それでは、プロに依頼するとどのくらいの費用がかかるのか?費用相場について見ていきます。
プロに修理を依頼する場合の費用相場
例えば、バンパーの擦り傷を塗装する場合でもプロの仕事はバンパーを外すところから始まります。また、塗装範囲も傷の周辺にぼかしを入れて周囲のと色合いを揃えるため、傷の深さや範囲によってはバンパー1本を塗装することもあるのです。
修理費用の目安は下記の通りです。
- フロントバンパー:約15,000円~
- リアバンパー:約18,000円〜
- フェンダー・ドアなどの側面:約80,000円〜
さらに、単色のソリッドと光沢のあるパールでは塗料が違うためパールの方が割高です。
車の擦り傷に保険を適用するかは修理にかかる費用次第
前述にもありますが、保険は使用すれば等級がダウンします。それに伴い、保険料も車種によって10万円程度高くなる場合もあるため、擦り傷だけの修理で使用するのは考えものです。

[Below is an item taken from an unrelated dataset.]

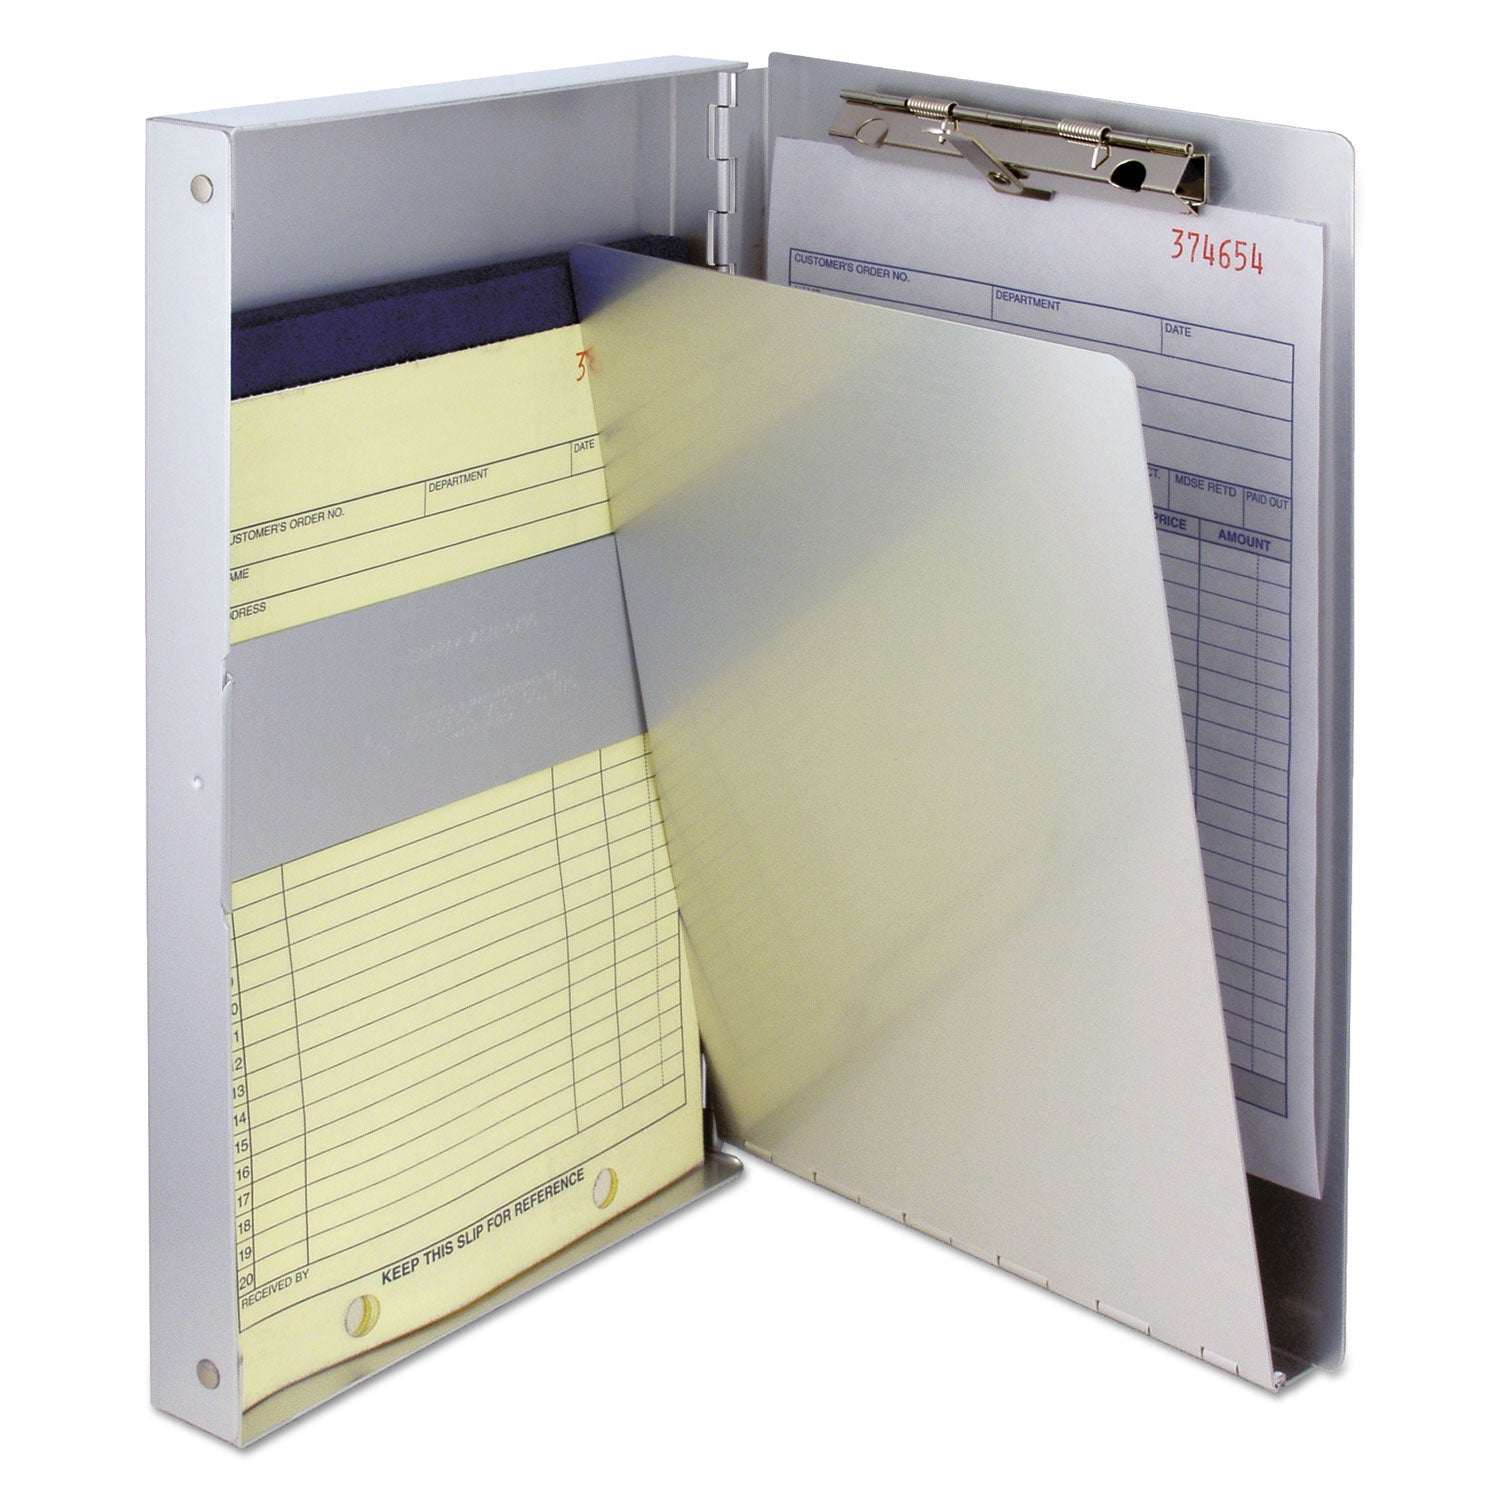 Snapak Aluminum Side-Open Forms Folder, 0.38" Clip Capacity, Holds 5 x 9 Sheets, Silver -

浅い擦り傷であれば自分で材料を購入して塗装することも可能です。プロに依頼しても2万円程度で修理できることがあるので、保険を使うより自費で修理をする方が損はしません。しかし、ドアからフェンダーなど広範囲にわたる擦り傷や深い擦り傷は、自分で塗装することがほぼ不可能です。修理費用も10万円近くかかることになることが予想されます。この場合は、念のため保険会社に一報しておきましょう。
まとめ
今回は、車に擦り傷が入ってしまった時、ちょっとのキズも修理に車両保険は使えるのか、使う時の注意点について解説してきました。
車の塗装が剥がれた状態で放置すると錆が広がり、車の劣化が進むので、早めの対応が必須です。そんな時、役に立つのが自動車保険ですが、車両保険には2種類あり、一般条件に加入していないと自分の不注意でつけた擦り傷には適応されません。仮に適用できても等級ダウンは避けられず保険料が高くなることは必須です。
浅い擦り傷であれば、自分で塗装をすることもできますが、材料を揃えたり塗装に費やす時間と場所を確保しなければなりません。
もし、車に擦り傷がついてしまった場合、傷の程度を確認した上で、車両保険の補償範囲の確認とプロに見積もりを依頼することをオススメします。